A decisão causará nova turbulência no comércio global?
Pode criar um efeito dominó. A chave é
manter o compromisso com o sistema de regras para a
economia. Podemos até mudá-las se sentirmos que não somos tratados de
forma justa, mas tem que ser por meio de negociação.
O que é urgente reformar na América Latina?
Antigamente tínhamos uma divisão política
entre esquerda e direita. Mas capitalismo e socialismo são ideologias
criadas no contexto da Primeira Revolução Industrial [no século 18].
Hoje estamos na Quarta Revolução
Industrial, e as linhas divisórias não são mais entre direita e
esquerda, são entre aqueles que querem defender o passado e aqueles que
querem se preparar para o futuro.
O Brasil está ficando para trás?
O Brasil está fazendo algumas mudanças
necessárias, como tornar as suas leis trabalhistas mais flexíveis, mas
todo governo deveria fazer o máximo para estimular a inovação e o
empreendedorismo.
Isso significa flexibilizar o processo para
que empreendedores montem empresas, criar um sistema tributário que
permita ao empreendedor assumir riscos, e transformar a educação --o
sistema é antiquado no mundo todo.
Os EUA hoje tendem ao protecionismo, enquanto a China mostra interesses globais. A China pode vir a ter mais poder econômico do que os EUA?
A China já tem um PIB em paridade
de poder de compra comparável ao dos EUA, e a China já está de fato se
preparando para o futuro. Em Pequim, há uma área que deve chegar a 100
km? para incubadoras. A China também já reconhece que a inteligência
artificial deve ser muito bem sucedida. Olhando para o futuro, você vê
que a China está se preparando para assumir a dianteira em tecnologia.
Os participantes do encontro anual do Fórum Econômico Mundial em Davos pareceram otimistas, mas desde então tivemos turbulências. O sr. vê risco de uma bolha explodir?
Não diria que é bolha, mas a
economia opera em ciclos, e estamos em um longo ciclo de recuperação
econômica que pode estar no fim. E há a questão da dívida.

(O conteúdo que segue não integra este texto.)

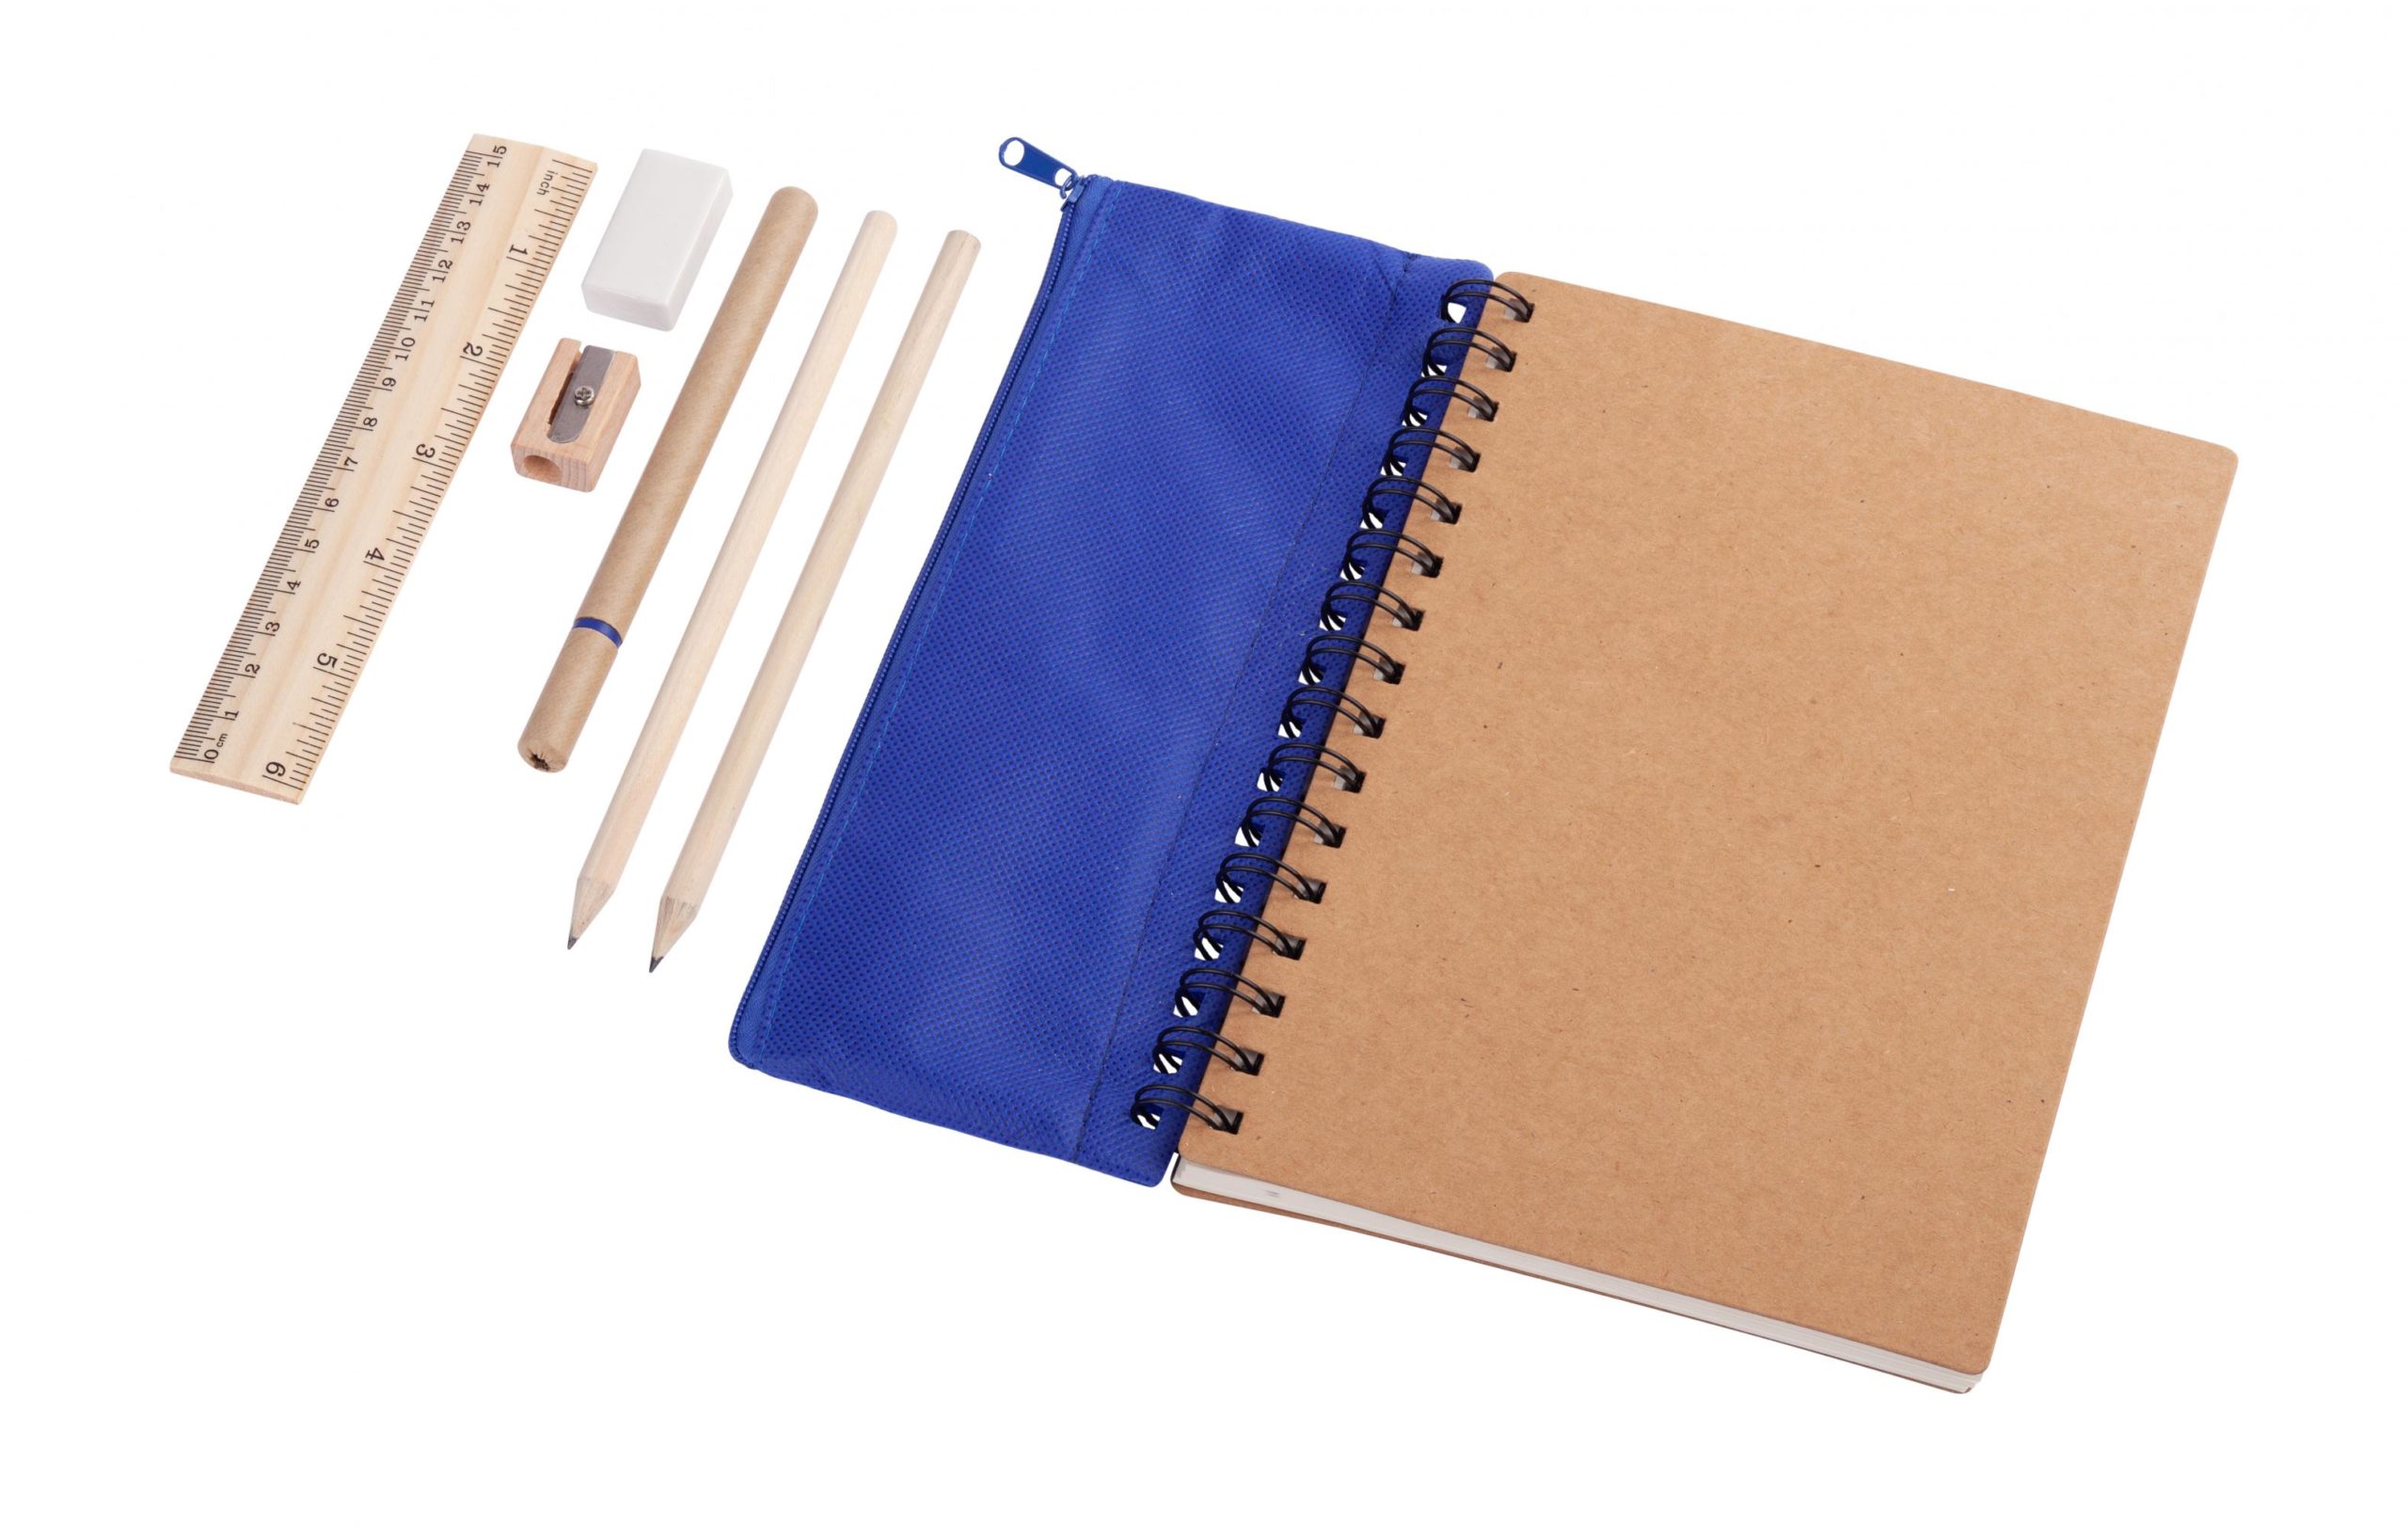 Блокнот "Full kit" с пеналом и канцелярскими принадлежностями, цвет синий, фото 2

O total de
endividamento de governos, famílias e empresas equivale a 200%-250% do
PIB [global]. Não sabemos se haverá outra desaceleração econômica, mas,
se houver, não dá para reduzir juros [para estimular a economia], pois
isso foi feito na última crise, e as taxas já estão baixas. E se agirmos
para evitar a dívida [subindo juros], não sabemos qual será o efeito
--a volatilidade voltou às bolsas depois de aumentos modestos nas taxas.

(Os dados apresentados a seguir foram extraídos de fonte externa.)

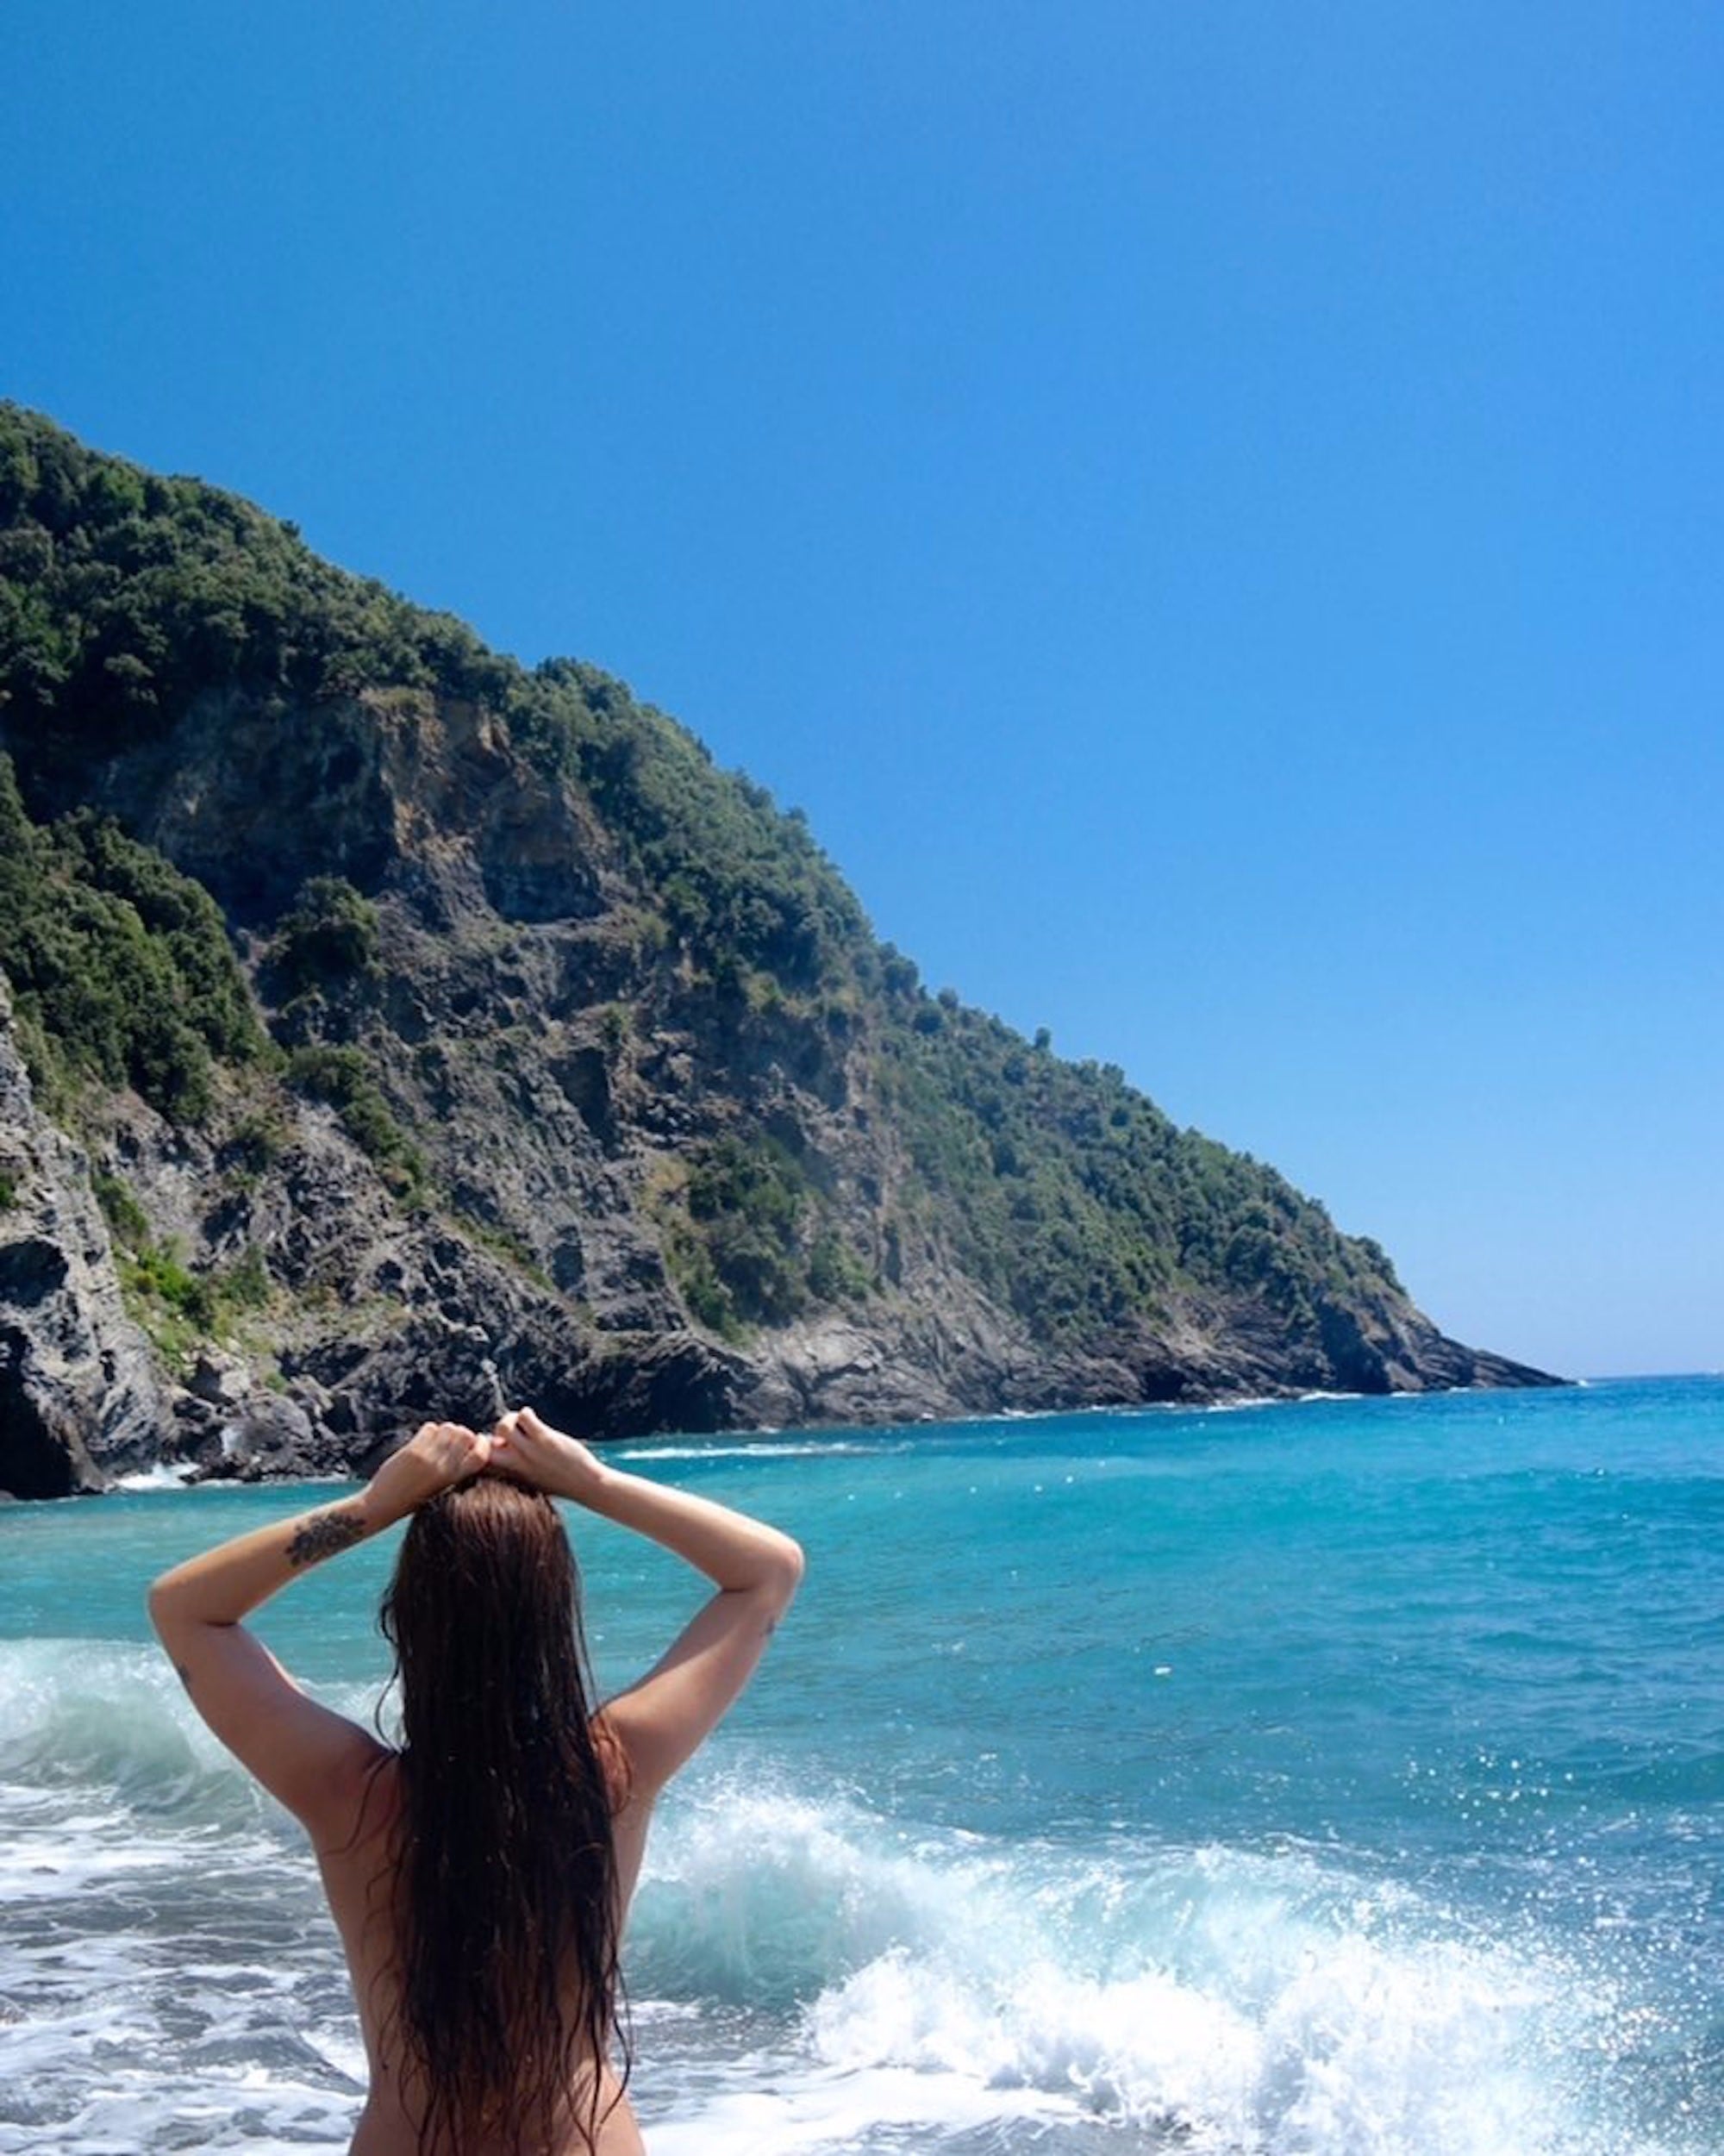 chelsy munson share sexy nudist beach photos

Os países têm preferido acordos bi e
plurilaterais aos multilaterais. Precisamos de regras para todos, mas
grandes negociações são lentas para captar as mudanças de hoje. Como
lidar com o paradoxo?
Discordo em parte, pois temos por exemplo o
Acordo de Paris sobre o Clima. Algo, porém, mudou: antes os governos
negociavam acordos e podiam garantir seu cumprimento. Hoje os governos
são apenas um dos atores globais --se quisermos resolver um problema,
precisamos da cooperação entre governos, empresas e sociedade civil. As
empresas são atores-chave, mas precisam de diretrizes criadas por
governos e de apoio da sociedade civil.
O sr. citou empregos precários. Há exemplos de como usar a educação para evitar isso?

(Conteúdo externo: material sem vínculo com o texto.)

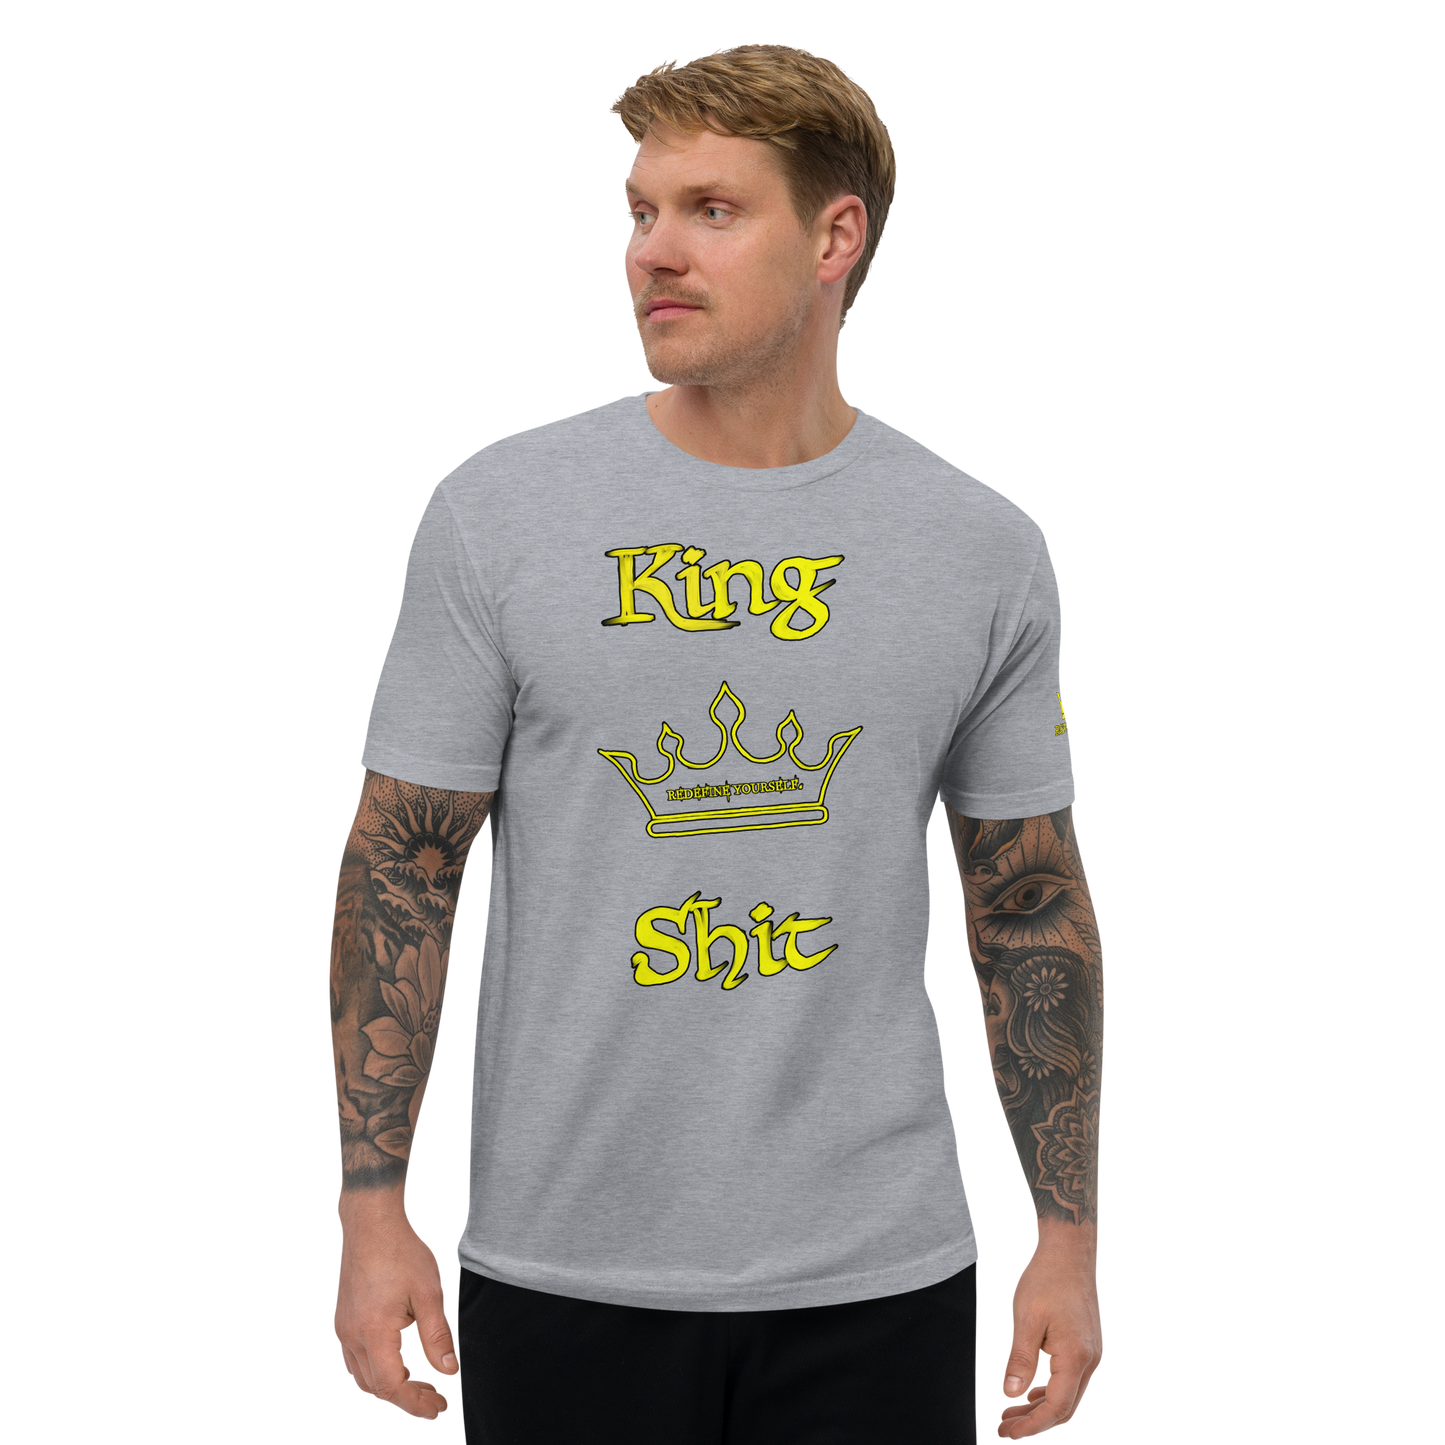 Royal Armor - King Shit T-shirt

Há novos modelos de currículos para ensinar
programação da mesma forma que se ensina o alfabeto. Há escolas em
Cingapura que se propõem a ensinar não necessariamente aquilo que você
pode ler na Wikipédia, mas a ser criativo, a fazer a equipe interagir
para obter resultados. Os países que mais trabalharem talentos serão os
mais bem-sucedidos. E há a questão da inclusão, que se trata não só de
responsabilidade social, mas de competitividade. É importante que todos
tenham as mesmas oportunidades, pois, se você exclui metade da população
por ser pobre, pode excluir um Einstein.
É difícil educar para um mundo que desconhecemos.
Se uma inteligência artificial pode
substituir algumas características masculinas, como racionalização e
objetividade, e se deixarmos a criatividade de lado, o que nos
diferenciará de um robô?
A diferença é nós termos sentimentos, criatividade, intuição, empatia.
Se você olhar para as aptidões de que precisaremos no futuro, são as que chamamos de femininas.
Paridade de gênero, portanto, não é só questão de justiça, mas o melhor jeito de se preparar para o futuro.
RAIO-X
Nascimento: 30.mar.1938, Ravensburg, Alemanha
Formação: doutor em
economia pela Universidade de Friburgo e em engenharia pelo Instituto
Federal de Tecnologia da Suíça; mestre em administração pública pela
Kennedy School, Universidade Harvard
Carreira: fundou em 1971 o
Fórum Econômico Mundial, do qual é presidente; criou em 1998 a Fundação
Schwab de Empreendedorismo Social e, em 2004, o Fórum de Jovens Líderes
Globais (Folha de S.Paulo, 14/3/18)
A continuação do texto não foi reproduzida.